Robot policy learning benefits from world-action models that capture environment dynamics, but pixel-level prediction entangles dynamics with nuisance factors such as lighting and texture, making learned representations vulnerable to task-irrelevant visual variation. We propose JOPAT, a JOint Pixel-And-Track World-Action Model that predicts latent visual observations, 2D point tracks with visibility, and actions in a single denoising diffusion transformer. The key insight is that tracks provide an explicit representation of motion that captures long-horizon dynamics and remains robust under occlusion or partial out-of-frame motion, offering greater utility than modeling pixel appearance alone. On LIBERO and real-world LeRobot tasks, JOPAT improves over pixel-based baselines, with the largest gains on long-horizon tasks involving occlusion, object interaction, and off-screen motion.

Editorial analysis

A structured set of objections, weighed in public.

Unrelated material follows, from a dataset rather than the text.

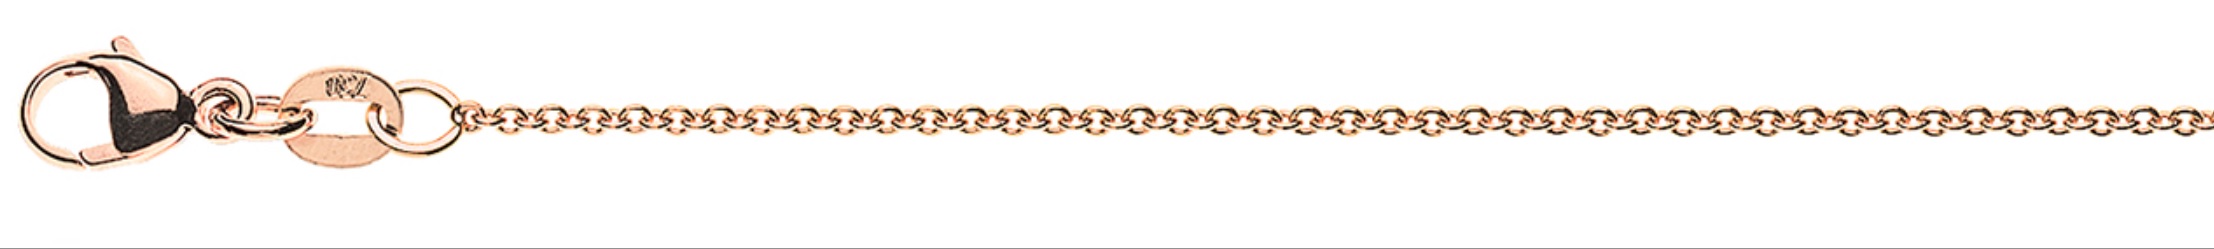 AURONOS Prestige Bracelet ancre rond or rose 18K 19cm 1.3mm
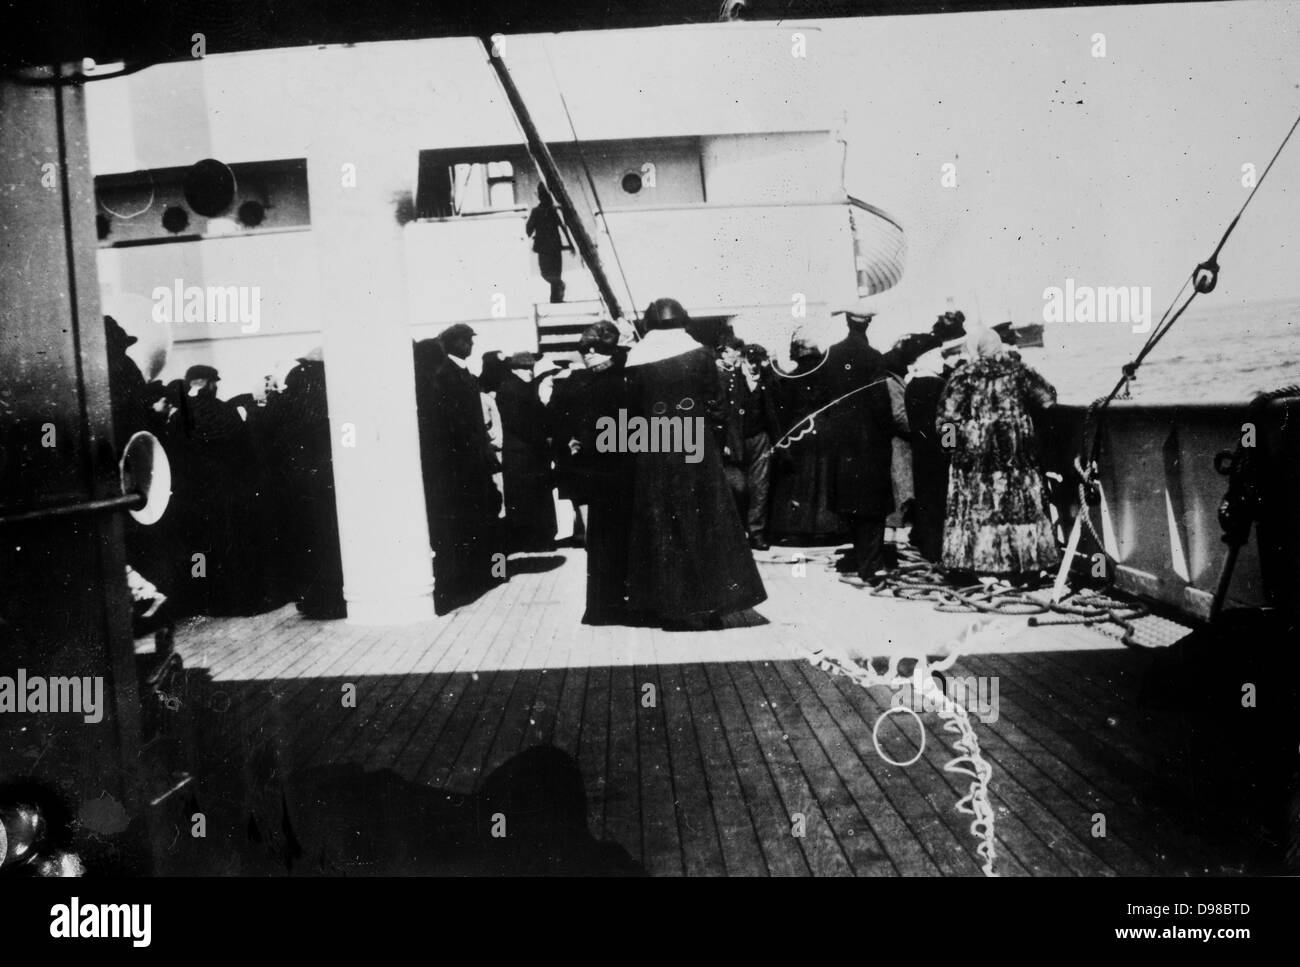 Superstiti del Titanic in carpathia. Data di creazione/Pubblicato: [1912 aprile]. Sommario: foto relative al disastro del RMS Titanic, che ha colpito un iceberg in aprile 1912 e affondò, uccidendo più di 1.500 persone. Foto Stock

Desk editor's note, referee report, simulated authors' rebuttal, and a circularity audit. Tearing a paper down is the easy half of reading it; the pith above is the substance, this is the friction.

Referee Report

2 major / 0 minor

Summary. The manuscript proposes JOPAT, a joint pixel-and-track world-action model using a single denoising diffusion transformer to predict latent visual observations, 2D point tracks with visibility, and actions. The central claim is that explicit point tracks provide a robust representation of long-horizon dynamics that is less entangled with appearance nuisances than pixel-only modeling, yielding performance gains over baselines on LIBERO and real-world LeRobot tasks, especially those involving occlusion, object interaction, and off-screen motion.

Significance. If the gains are shown to arise from the motion representation rather than model capacity and if the tracks are verifiably accurate, the approach would offer a concrete way to improve world models for robotics by separating dynamics from lighting/texture variation. The joint diffusion formulation is a natural extension of existing pixel-based world models.

major comments (2)
  1. [Abstract] Abstract: The abstract states performance gains on named benchmarks but supplies no quantitative numbers, baseline details, statistical tests, or ablation results, so the data-to-claim link cannot be evaluated.
  2. [Method section] Method section: The joint denoising objective is presented without an explicit track loss term, weighting schedule, or auxiliary supervision signal (e.g., visibility classification or flow consistency) for the point tracks; this leaves open whether the high-dimensional pixel reconstruction term dominates and whether accurate tracks are produced without extra labeled track data.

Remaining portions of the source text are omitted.